Zur Kontrolle, ob eine Kuh sich tatsächlich mit einem Mastitis-Erreger angesteckt hat, nehmen Schützenhöfers einen Schalmtest vor und messen bei der Kuh Fieber.Seit zwei Jahren nutzen sie außerdem einen Mastitisschnelltest. Dabei wird eine Milchprobe in einem Schrank bebrütet. Nach zwölf Stunden haben die Landwirte dann das Ergebnis, ob es sich um einen grampositiven oder einen gramnegativen Erreger handelt. Oder ob kein Erreger nachweisbar ist. Je nach Schwere der Entzündung und abhängig vom Erreger verabreichen die Milchviehhalter nach Absprache mit der Tierärztin Entzündungshemmer bzw. Antibiotika.

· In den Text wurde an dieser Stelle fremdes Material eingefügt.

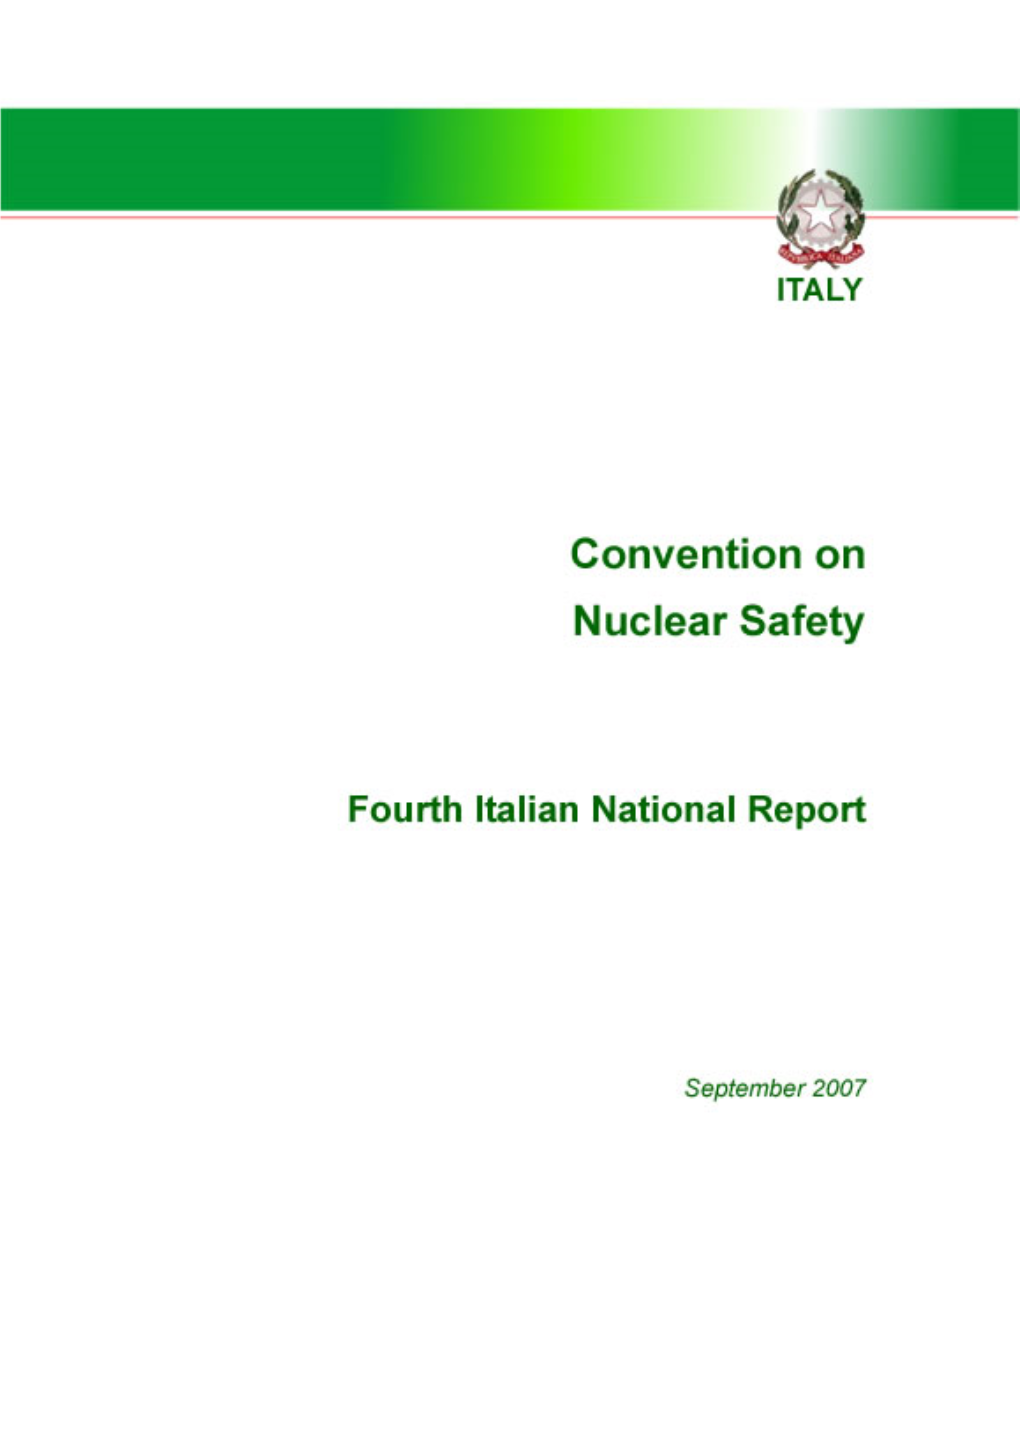 Italian Report Issued in Compliance with Article 5 of the Convention

Oft geht es den Kühen danach wesentlich besser - Schützenhöfer

Gute Erfahrungen haben sie auch mit Leinsamen gemacht. Diese weichen sie in 50 l lauwarmen Wasser ein und drenchen es der betroffenen Kuh. „Oft geht es den Kühen danach wesentlich besser“, berichtet Nikola Schützenhöfer.Die euterkranke Kuh erhält ein rotes Band und wird im Herdenmanagementprogramm markiert. Ist es eine leichte Euterentzündung, bleibt die Kuh in der Herde. Hat sie Fieber, kommt sie in die Krankenbucht, so die konsequente Arbeitsweise des Betriebs.Zusammenfassend lässt sich festhalten, dass Familie Schützenhöfer durch zahlreiche Hygiene-Maßnahmen beim Melken und der Haltung eine hohe und dauerhaft gute Eutergesundheit ihrer Kühe erreicht. Durch zahlreiches Probieren und viele Fortbildungen konnten sie diese laufend verbessern und weiterentwickeln. Ihr Ziel für die Zukunft ist, einen dauerhaften Zellgehalt unter 100.000/ml Milch bei problemlosen Kühen zu halten.